Where things really get a bit odd though is with the SSE2 scalar code.
The simple expectation would be that SSE2 scalar code should perform
at roughly half the speed of SSE2 vector code, give or take a bit for
memory subsystem issues. However, the numbers are REAL different
here. On the P4 system SSE2 scalar code performs at only about 1/3 of
the SSE2 vector code and it's even slower than x87 C code.
On the Athlon64 it's a TOTALLY different story. Here SSE2 scalar code
performs exactly on-par with the SSE2 vector code. x87 assembly code
also offers essentially identical performance. This doesn't seem to
be a case of the thing being bandwidth limited as the Athlon64 3400+
(64-bit memory interface) is within 3% of the performance of the
equal-clock speed Athlon64 FX 51 (128-bit memory interface). It might
be some sort of cache bandwidth limited, though my understanding of
the test is that the working set is 18MB in size, so that should blow
all caches out of the picture (someone feel free to correct me if I'm
wrong on this one).
So, basically the question for you all to ponder is simply what is the
difference between AMD and Intel's SSE2 scalar implementation? This
could have some VERY interesting implications for one important
reason: In AMD64 Long Mode (64-bit code), AMD has specifically stated
that x86, 3DNow! and MMX are deprecated in favor of SSE2 code.
According to AMD's vision of things, ALL FPU code should always be
handled the SSE2 unit. Given that the bulk of x86 floating point code
in existence today is scalar code (for better or for worse) that could
mean that SSE2 scalar performance could have a MAJOR impact on a lot
of applications.
I came across a rather interesting set of numbers a little while back
and was wondering if anyone had any thoughts on the matter. To start
with, here are the benchmarks (part of a Prescott review):
http://techreport.com/reviews/2004q1/p4-prescott/index.x?pg=14
In particular have a look at the BLAS DGEMM numbers for
double-precision floating point. The P4 scores are mostly what you
might expect: compiled C x87 code is fairly slow, assembly code for
x87 is about a fair bit faster and SSE2 vectorized code is a lot
faster again.
Starting to look at the Athlon64's performance things are mostly
fairly normal as well. SSE2 vector performance is lower than the
P4's, but given that the Athlon64 and the P4 have the exact same
maximum theoretical performance per clock and the P4 runs at much
higher clock speeds this is to be expected. The Athlon64 shows rather
impressive compiled C code (significantly faster than the P4 here),
but again this isn't too surprising, especially given that the tests
are compiled with Microsoft's Visual.Net compiler rather than Intel's
C compiler.
Where things really get a bit odd though is with the SSE2 scalar code.

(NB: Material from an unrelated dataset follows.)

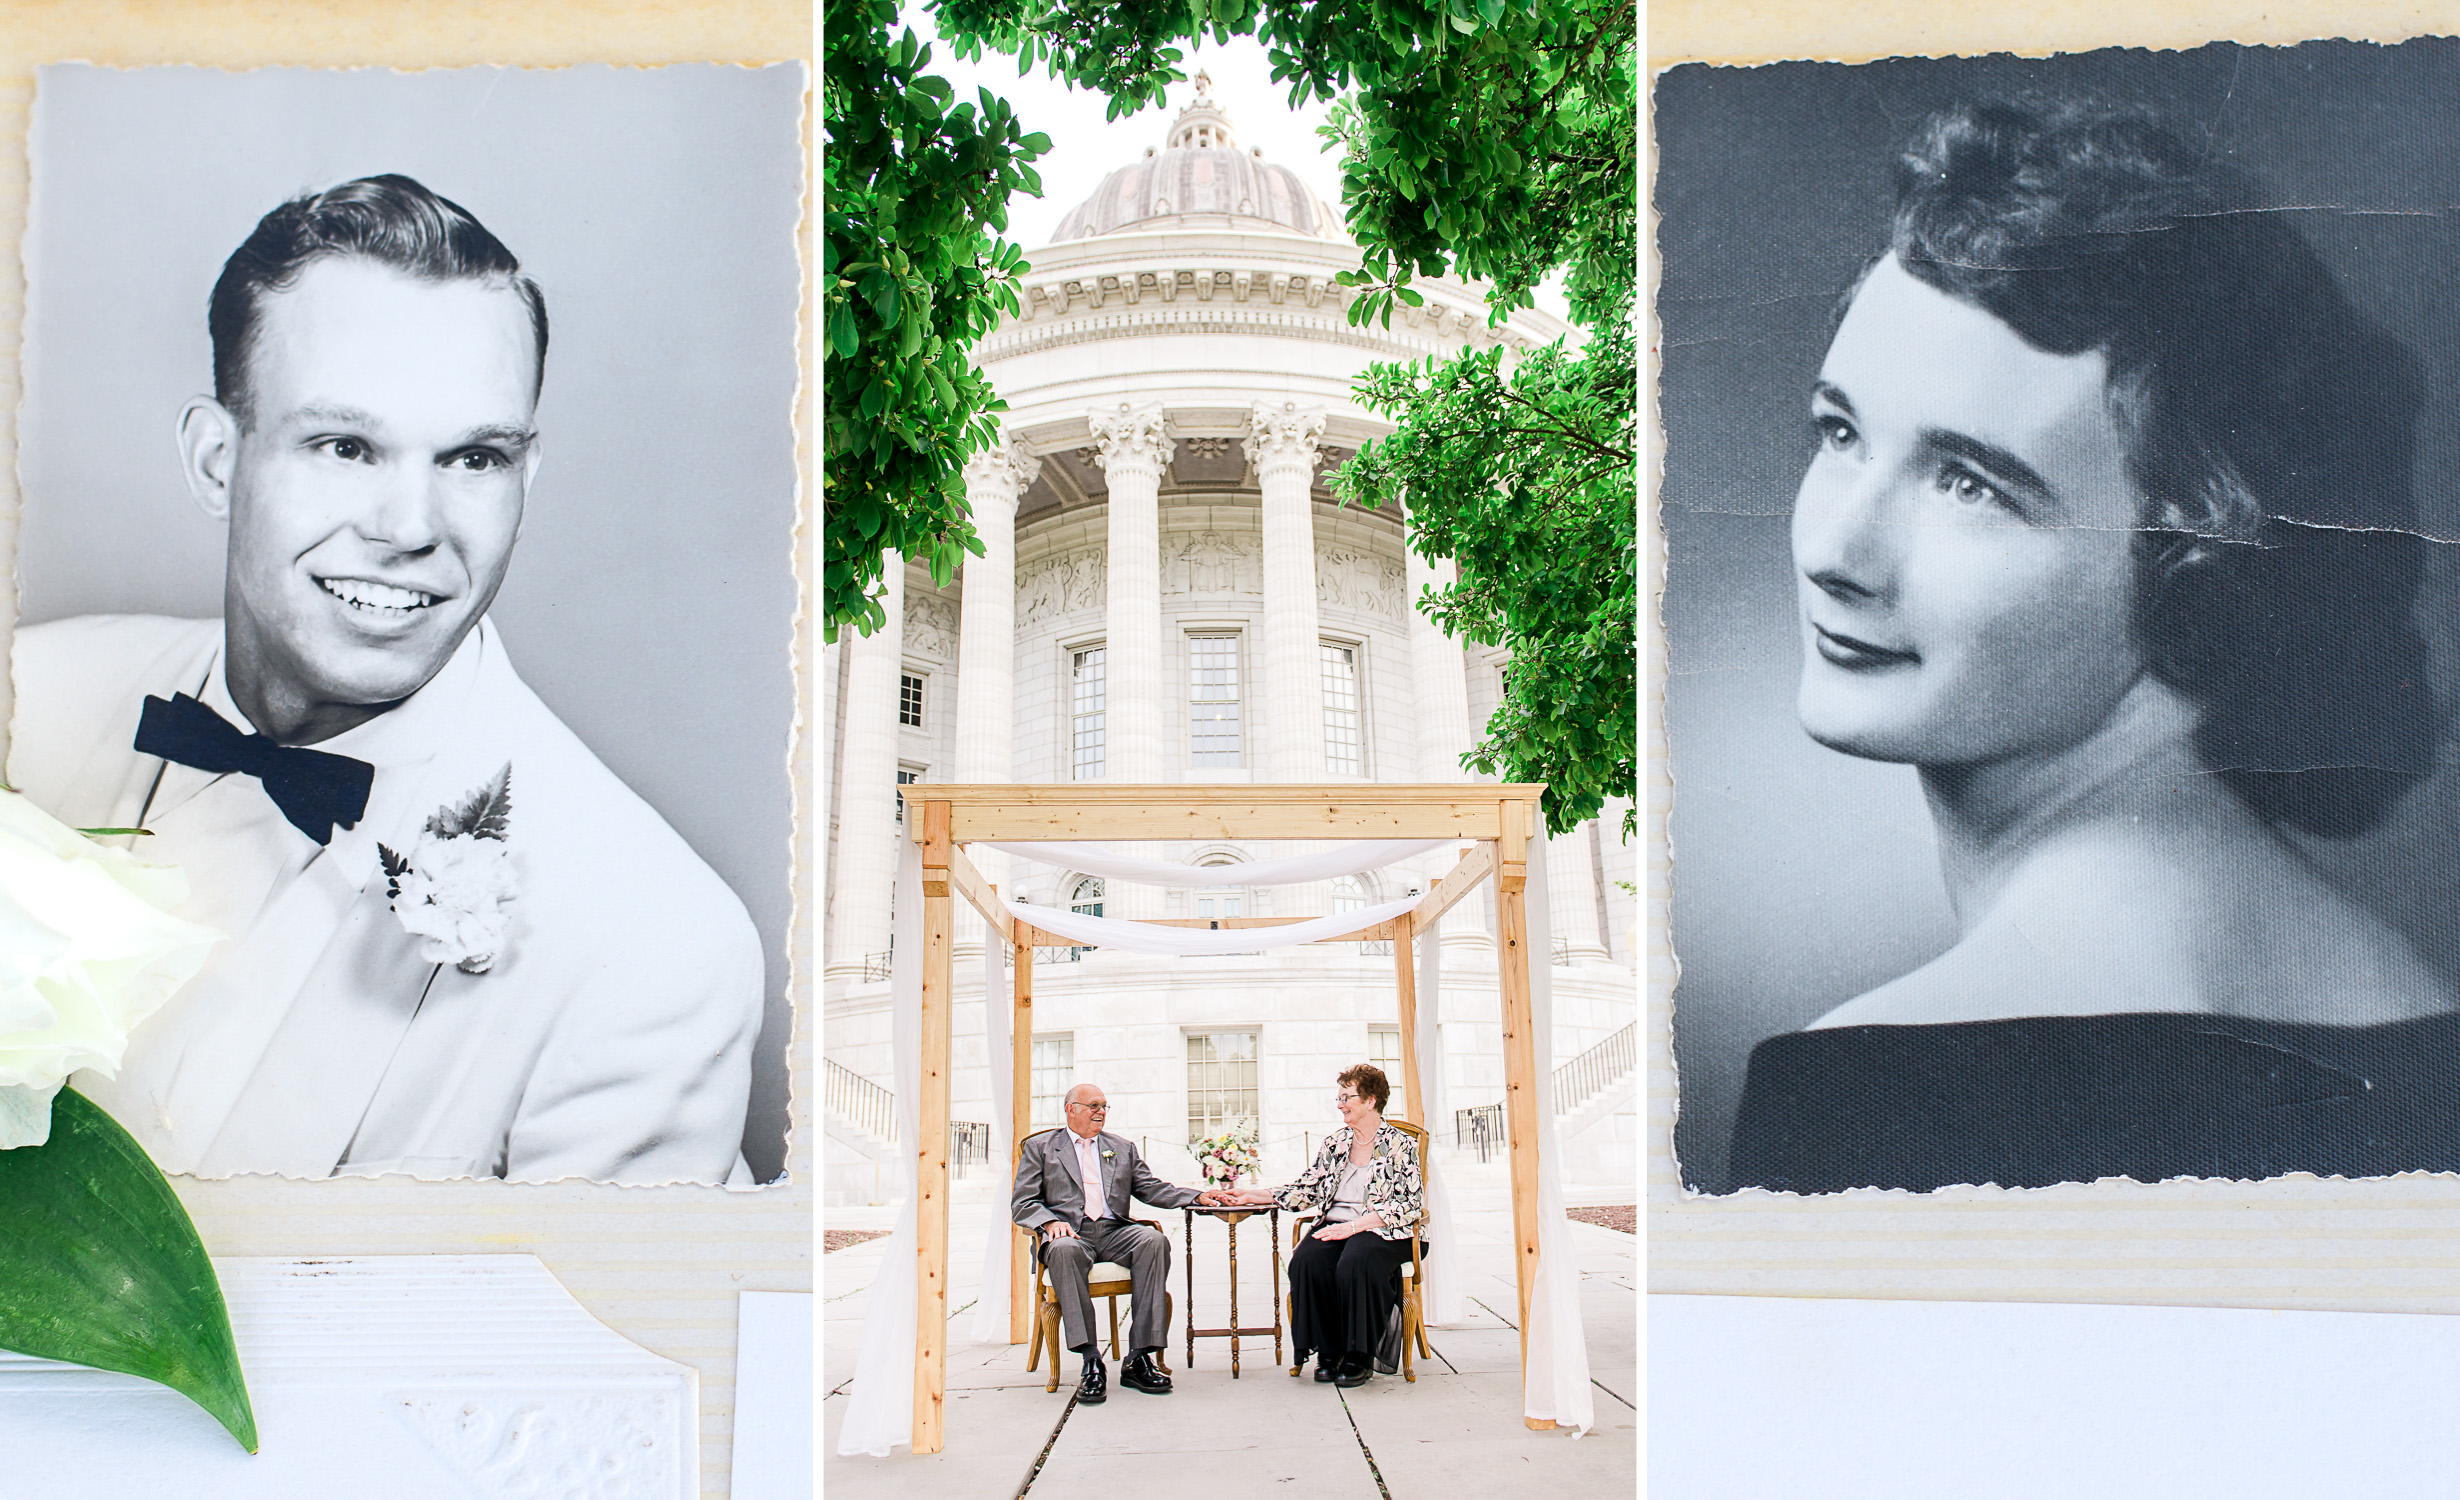 Old-engagement-photo-1956-Then-and-Now-60-Year-Anniversary

The simple expectation would be that SSE2 scalar code should perform
at roughly half the speed of SSE2 vector code, give or take a bit for
memory subsystem issues. However, the numbers are REAL different
here. On the P4 system SSE2 scalar code performs at only about 1/3 of
the SSE2 vector code and it's even slower than x87 C code.
On the Athlon64 it's a TOTALLY different story. Here SSE2 scalar code
performs exactly on-par with the SSE2 vector code. x87 assembly code
also offers essentially identical performance. This doesn't seem to
be a case of the thing being bandwidth limited as the Athlon64 3400+
(64-bit memory interface) is within 3% of the performance of the
equal-clock speed Athlon64 FX 51 (128-bit memory interface). It might
be some sort of cache bandwidth limited, though my understanding of
the test is that the working set is 18MB in size, so that should blow
all caches out of the picture (someone feel free to correct me if I'm
wrong on this one).
So, basically the question for you all to ponder is simply what is the
difference between AMD and Intel's SSE2 scalar implementation? This
could have some VERY interesting implications for one important
reason: In AMD64 Long Mode (64-bit code), AMD has specifically stated
that x86, 3DNow! and MMX are deprecated in favor of SSE2 code.
According to AMD's vision of things, ALL FPU code should always be
handled the SSE2 unit. Given that the bulk of x86 floating point code
in existence today is scalar code (for better or for worse) that could
mean that SSE2 scalar performance could have a MAJOR impact on a lot
of applications.